AUSTRALIA - The rains which are still dogging harvest progress in parts of eastern Australia have not caused as much damage to wheat as initially feared - even though the cost in crop downgrades is "approaching" $1 billion, according to agrimoney.com.

Australia & New Zealand Bank said that about 10.5m tonnes of milling wheat in New South Wales, South Australia and Victoria, half the crop in these states, would escape being cut to feed quality.

The figure was higher than the total of 8.0m tonnes at best the bank estimated two weeks ago, when the region suffered particularly heavy rain, dumping more than three inches in one day on some farms.

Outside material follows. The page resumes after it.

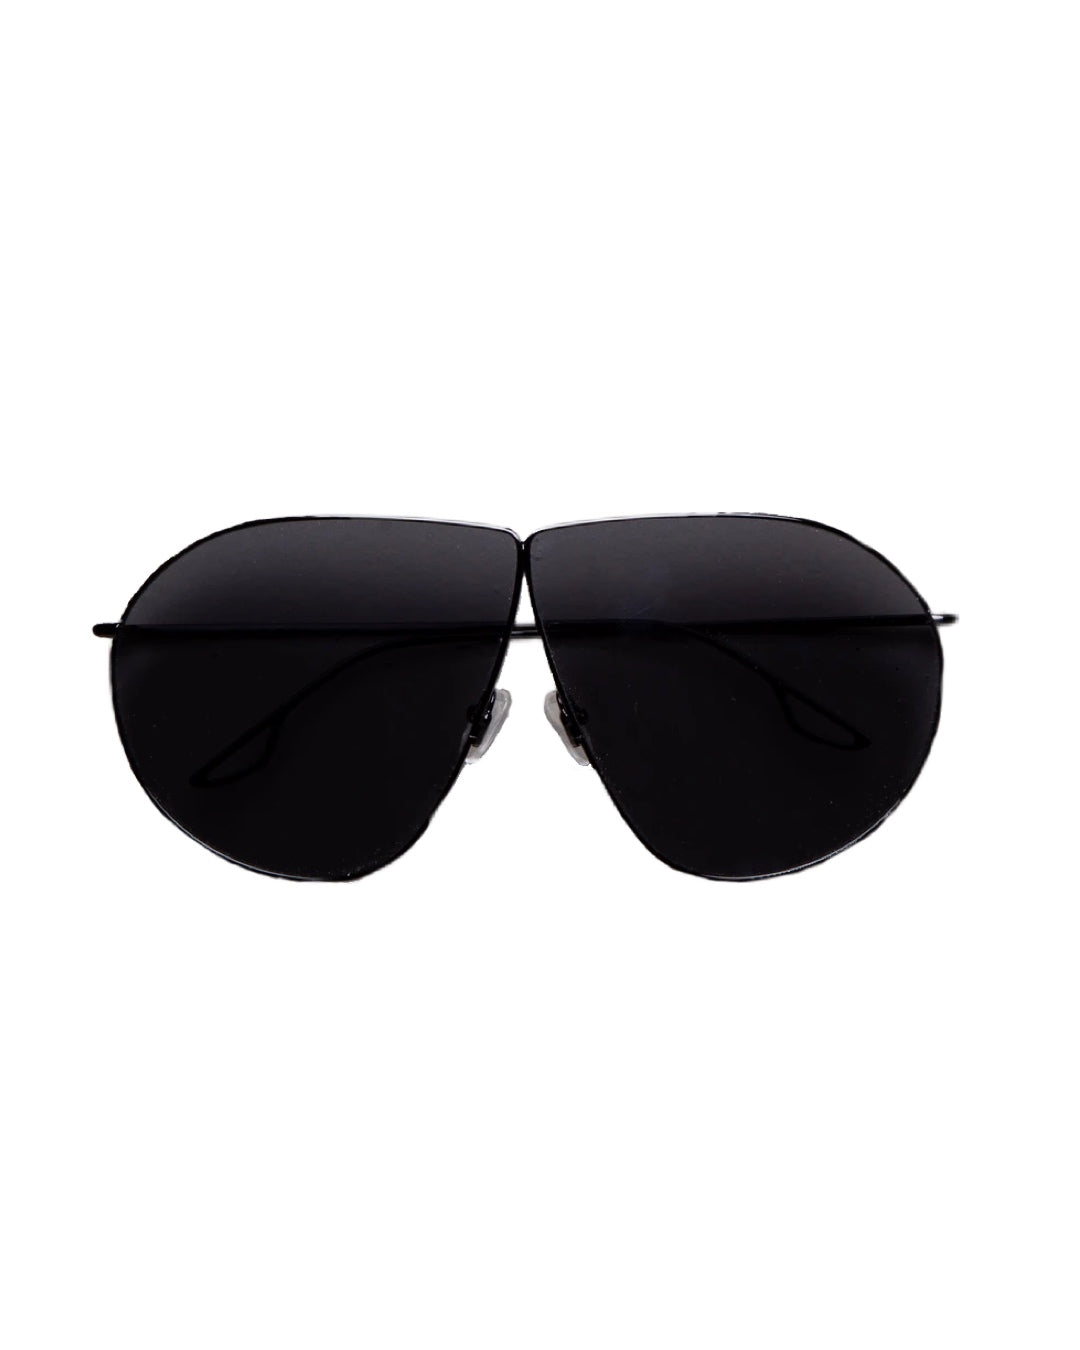 3NY - KRIS BLACK - Sunglasses
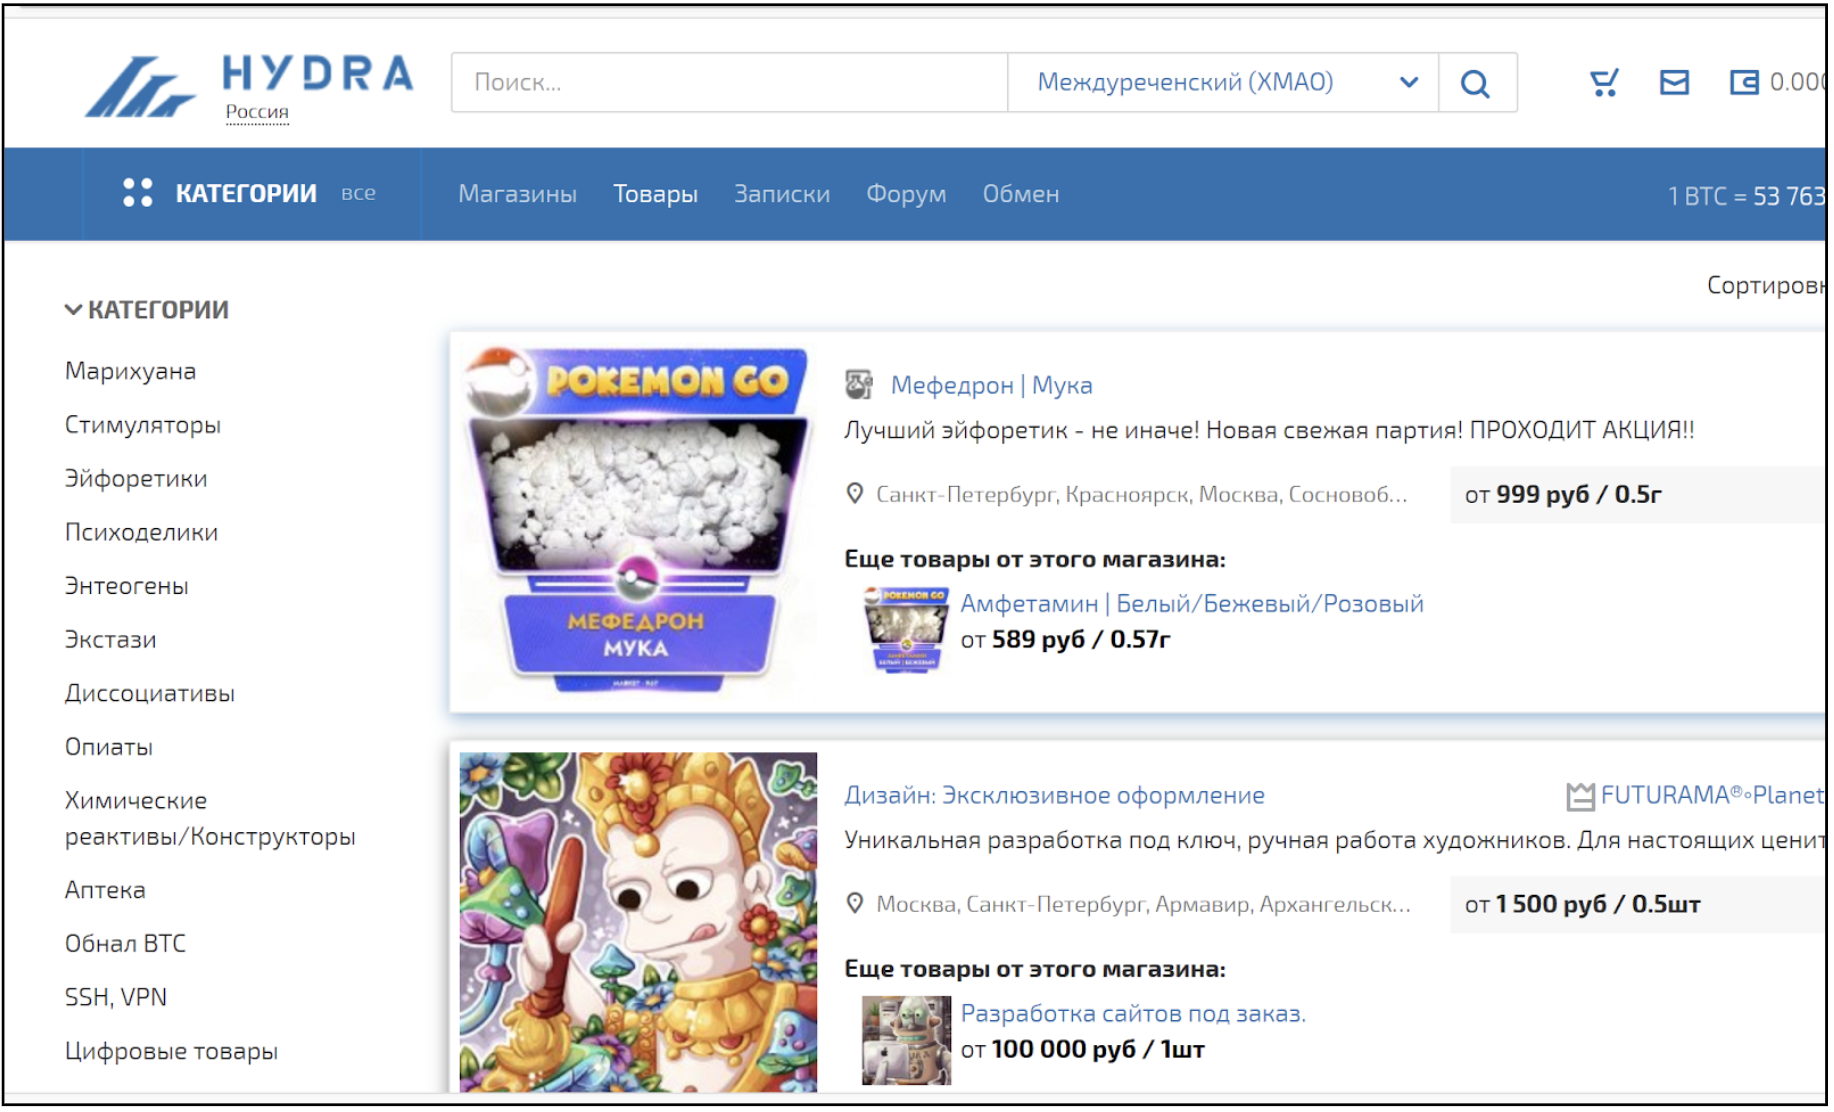 Даркнет вконтакте hydra2web скачать браузер тор бесплатно на русском языке торрент hyrda вход

"Post the major rainfall even a fortnight ago, the severity of quality downgrades hasn't been as based as first feared," ANZ (Australia and New Zealand Banking Group Limited) said.

While most areas had received further rains in the past week, "in general this is not expected to have led to a further deterioration in wheat quality".

And although most growers were up to a month delayed on harvesting, with 60 per cent of the crop yet to be reaped in South Australia and parts of Victoria, the short term weather outlook was "fine" for areas furthest behind.

Financial Impact

Nonetheless, the level of damage "could wipe up to Aus $1 billion from the value of the national wheat crop", National Australia Bank analyst Michael Creed said.

"Much of Australia's east coast in November recorded more than double the November average [rainfall]," he said, estimating that about half of Australia's total wheat crop of 24m tonnes would be of "feed or downgraded quality".

However, taking into account higher prices of farm commodities, and the advantage to livestock farmers of watered pasture and an abundance of feed wheat, the net loss to Australian agriculture over the last month from the downpours was more modest.

Creed cut by Aus$300 million to Aus$46.7 billion his estimate for the value of Australia's farm production in 2010-11, and his forecast for farm incomes by Aus$200 million to Aus$10 billion.